Trust Your Own Judgment

Trust your own judgment… As I contemplate what I want to write about for this blog entry many things come to mind, however there is one thought that keeps replaying based on something that happened this weekend… Trust Your Own Judgment.

Parents, mothers especially, have been given an innate ability that I believe arrives the moment they hold that precious newborn in their arms, the gift of intuition.  I am alarmed at how many parents often second guess their own thoughts and feelings when faced with making an important decision for the health/ well-being of their own child because of an “opinion” of a friend, physician, or website.  This weekend, I spoke with a parent who brought up some concerns about language development.  She mentioned that she had viewed the development chart on our website and was concerned about her child’s speech development and wanted to see what I thought.

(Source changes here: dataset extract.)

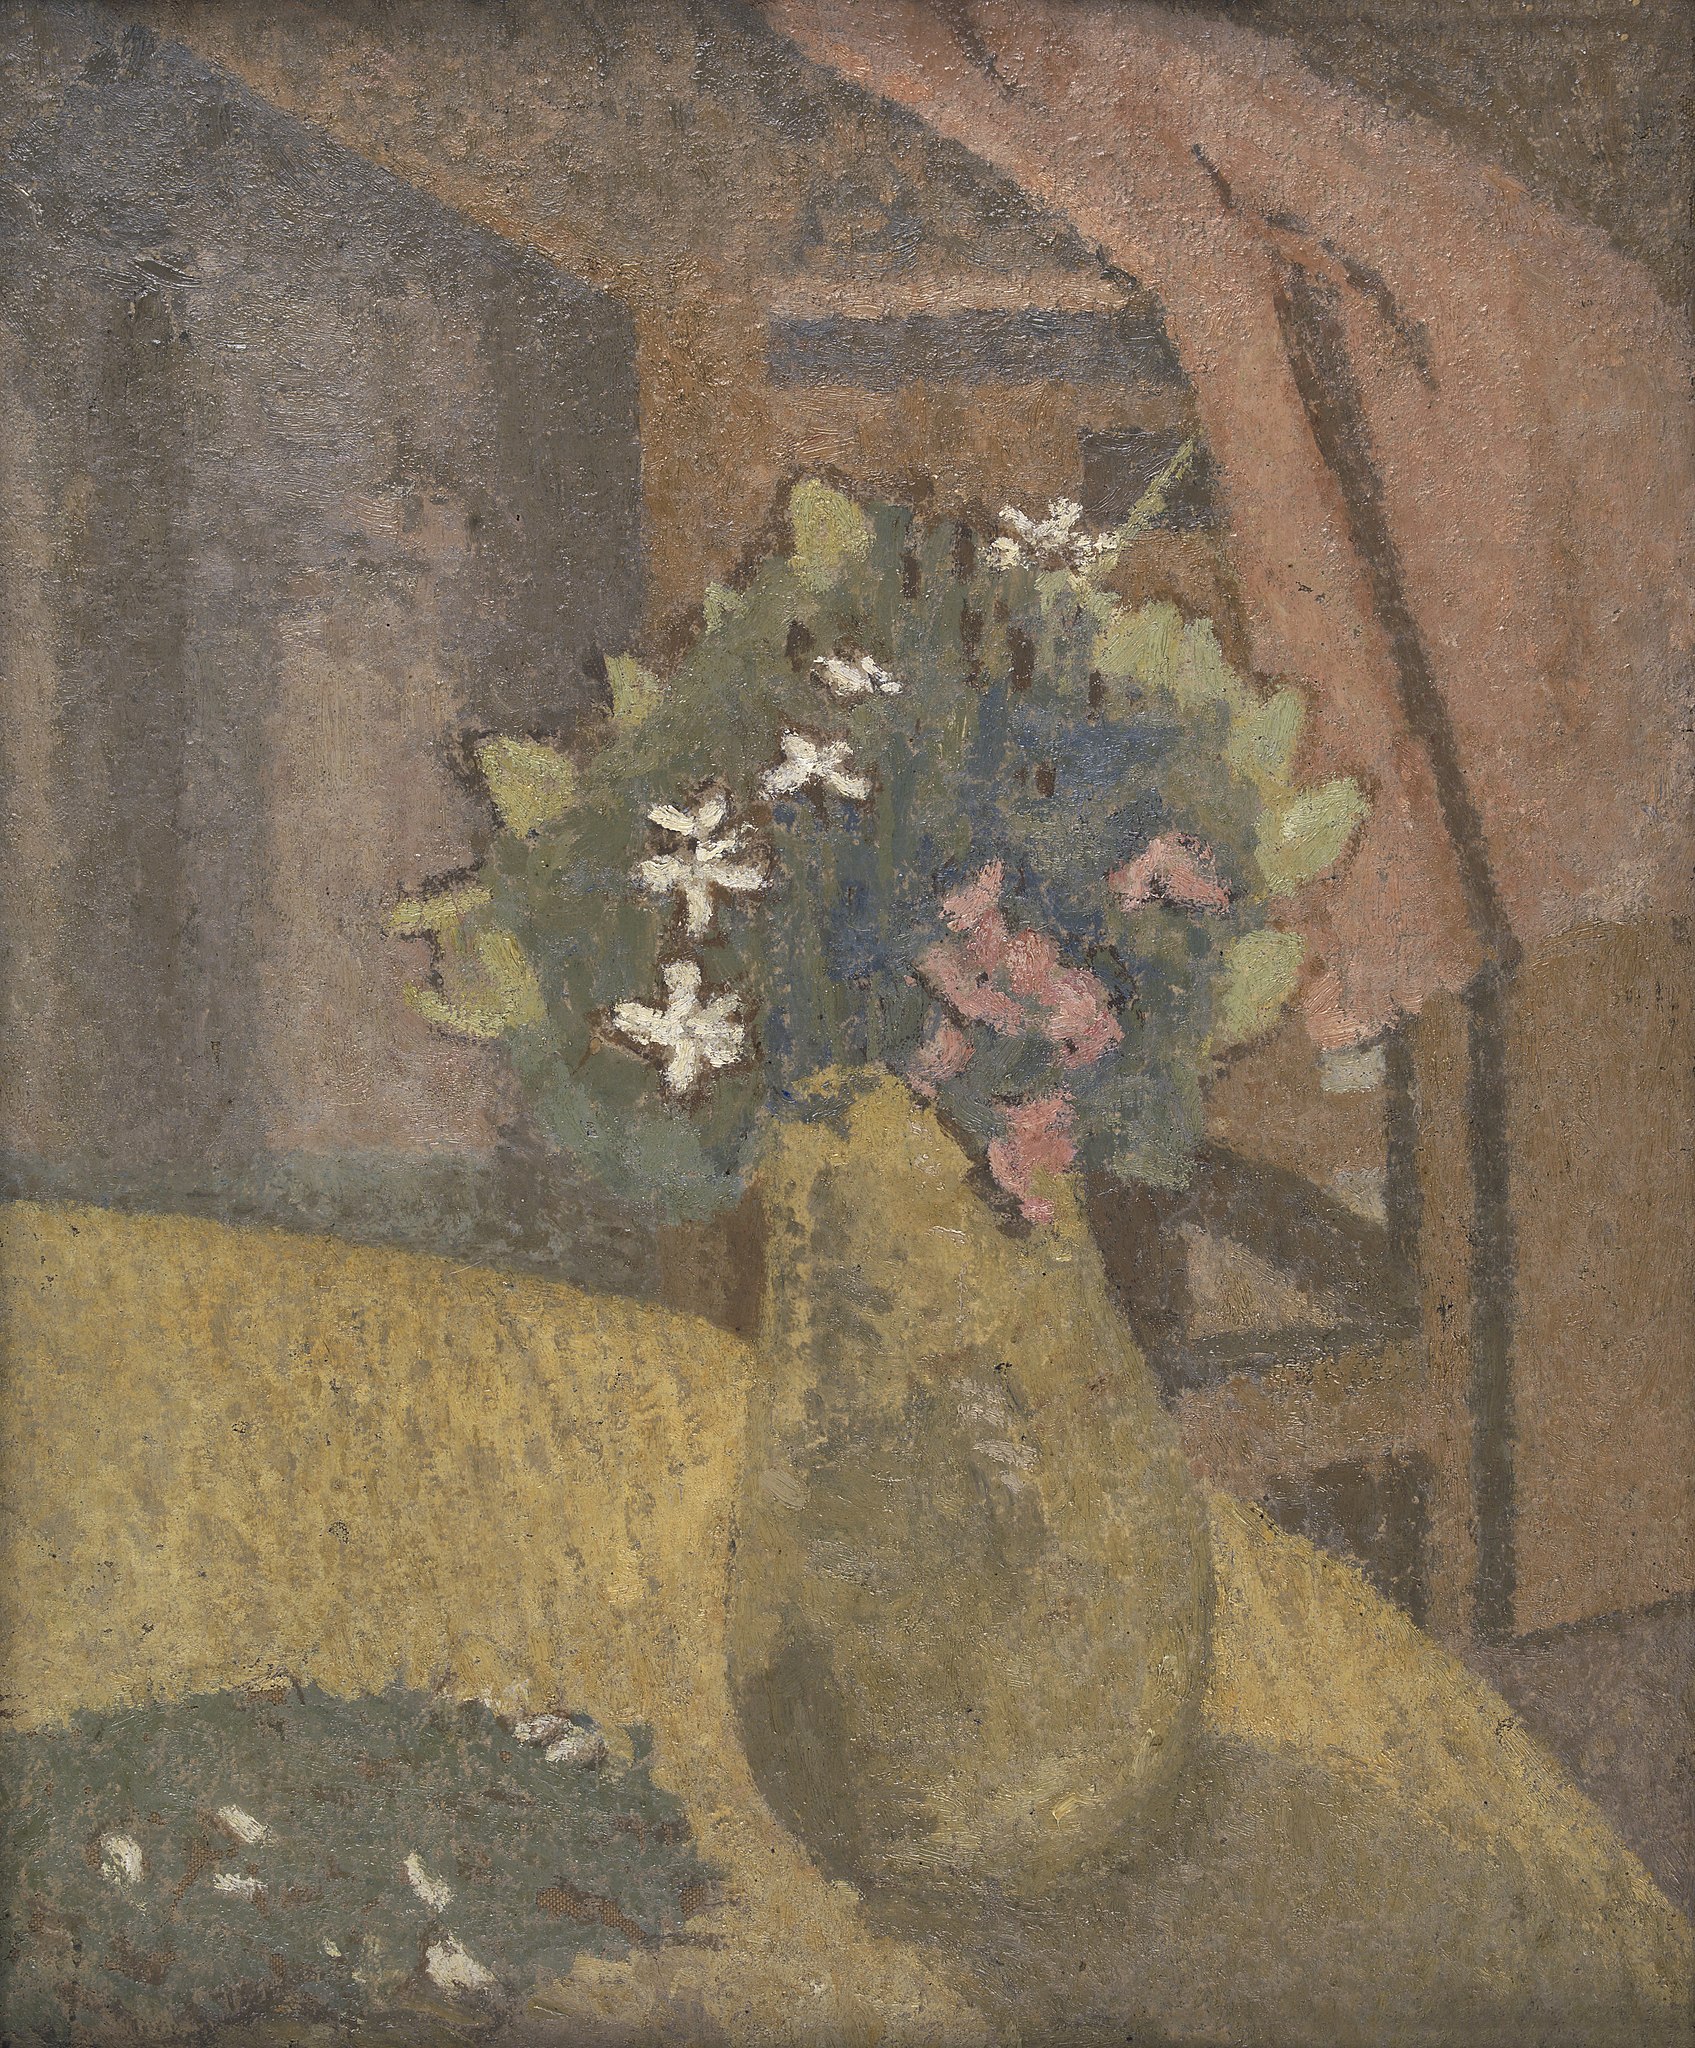 Vase of Flowers by Gwen John - 1910s - 40 x 32 cm National Library of Wales

My professional opinion about his expressive language was offered, however she then turned me down by stating, “My pediatrician told me to not be concerned about speech until the age of 6.”

“Wow,” I thought to myself.  To think that this parent believes that her concerns about her child should be ignored until age 6 really baffles me!  Obviously, she believes there is something wrong because she asks the opinion of an SLP who gives research based statistical information, but then she throws it aside because of a mere “opinion” by someone who has M.D.  My heart really went out to this mother who may miss this window of opportunity for her child due to ignoring her own feelings and intuition because of 1 opinion.  It makes me wonder that if she would’ve been this passive about something more serious.  What if she had asked her doctor, “Should I get my child’s ears tested because it doesn’t seem as if he is hearing well?”  Would she take the opinion of her doctor if he/ she would have told her to wait another year, or would she have sought the professional advice and evaluation of someone trained to evaluate hearing.

The point I am trying to make is, trust what you believe to be what is best for your child.  Do what makes sense.  As a professional in the field of Speech Pathology, I can tell you without a doubt in my heart that the best thing for your child is early intervention if language and speech is not developing appropriately.  You will be glad you did.